Complex Addition is Associative

Theorem

The operation of addition on the set of complex numbers $\C$ is associative:

$\forall z_1, z_2, z_3 \in \C: z_1 + \paren {z_2 + z_3} = \paren {z_1 + z_2} + z_3$

Proof

From the definition of complex numbers, we define the following:

\(\ds z_1\)

\(:=\)

\(\ds \tuple {x_1, y_1}\)

\(\ds z_2\)

\(:=\)

\(\ds \tuple {x_2, y_2}\)

\(\ds z_3\)

\(:=\)

\(\ds \tuple {x_3, y_3}\)

where $x_1, x_2, x_3, y_1, y_2, y_3 \in \R$.

Thus:

\(\ds z_1 + \paren {z_2 + z_3}\)

\(=\)

\(\ds \tuple {x_1, y_1} + \paren {\tuple {x_2, y_2} + \tuple {x_3, y_3} }\)

Definition 2 of Complex Number

\(\ds \)

\(=\)

\(\ds \tuple {x_1, y_1} + \paren {\tuple {x_2 + x_3, y_2 + y_3} }\)

Definition of Complex Addition

\(\ds \)

\(=\)

\(\ds \tuple {x_1 + \paren {x_2 + x_3}, y_1 + \paren {y_2 + y_3} }\)

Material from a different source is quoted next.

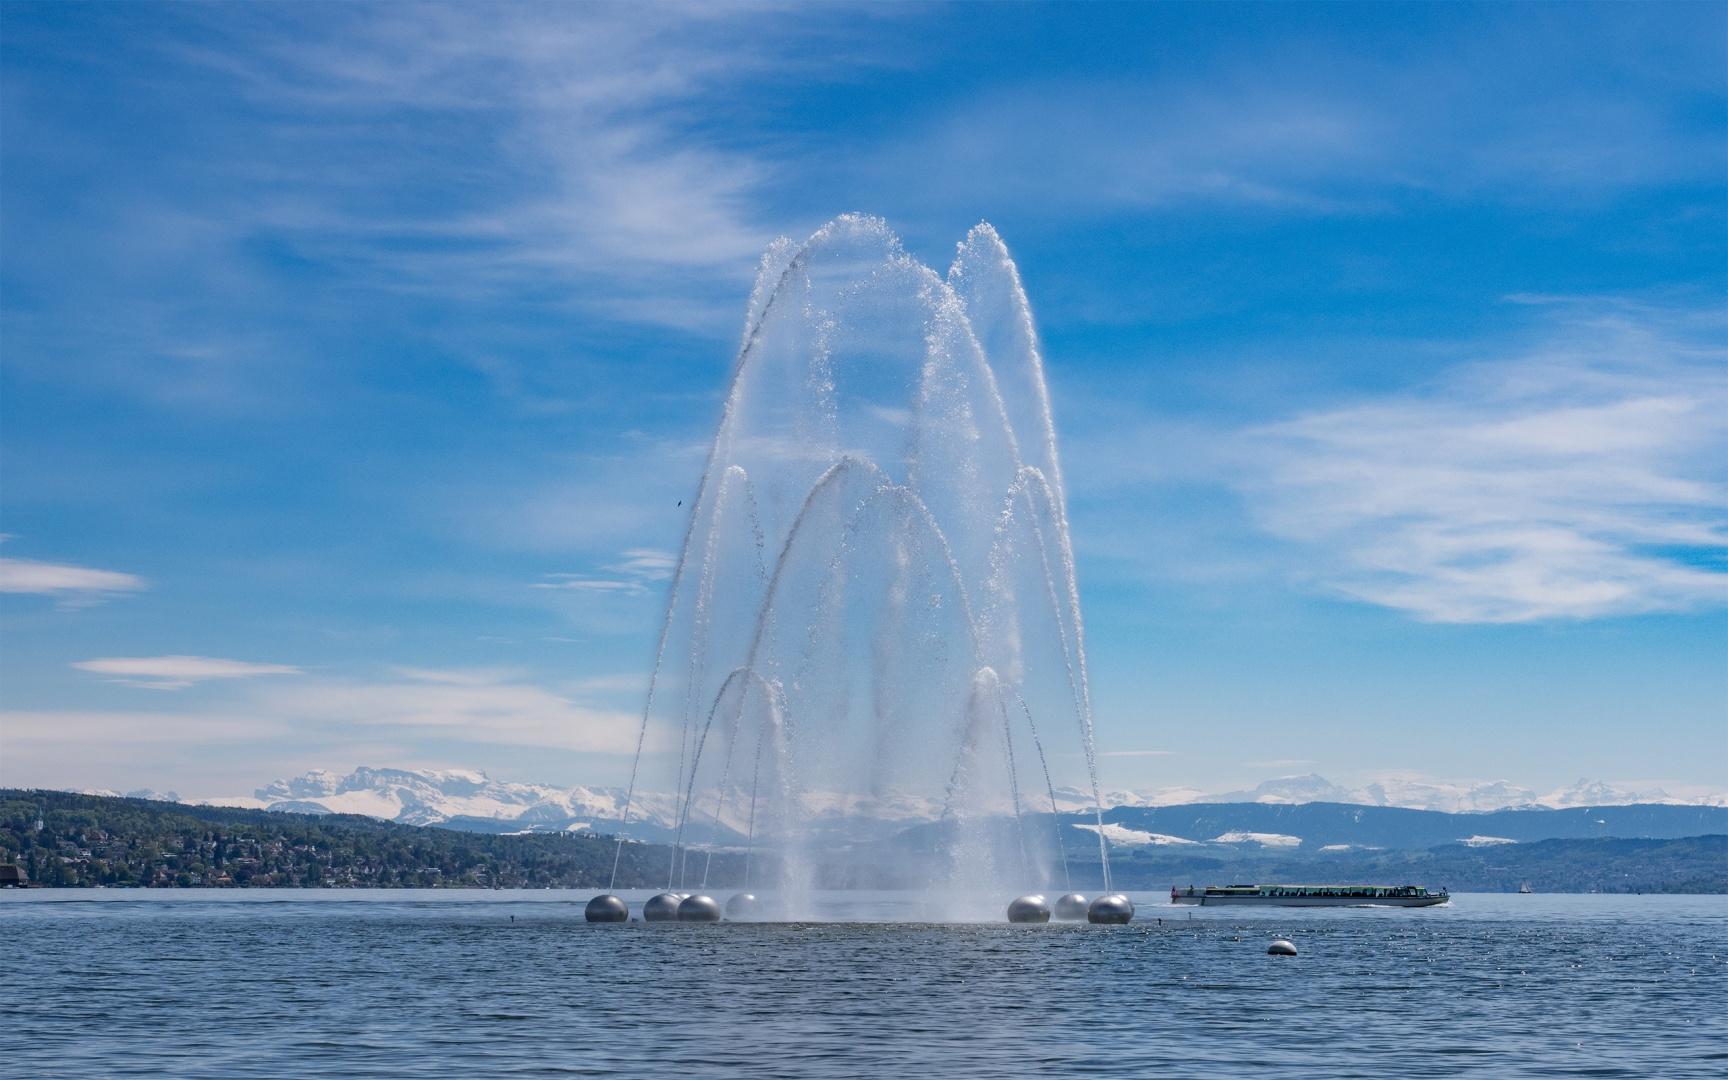 Wasserspiel Aquaretum mit Blick auf Berge © Gian Paul Lozza

Definition of Complex Addition

\(\ds \)

\(=\)

\(\ds \tuple {\paren {x_1 + x_2} + x_3, \paren {y_1 + y_2} + y_3}\)

Real Addition is Associative

\(\ds \)

\(=\)

\(\ds \paren {\tuple {x_1 + x_2, y_1 + y_2} } + \tuple {x_3, y_3}\)

Definition of Complex Addition

\(\ds \)

\(=\)

\(\ds \paren {\tuple {x_1, y_1} + \tuple {x_2, y_2} } + \tuple {x_3, y_3}\)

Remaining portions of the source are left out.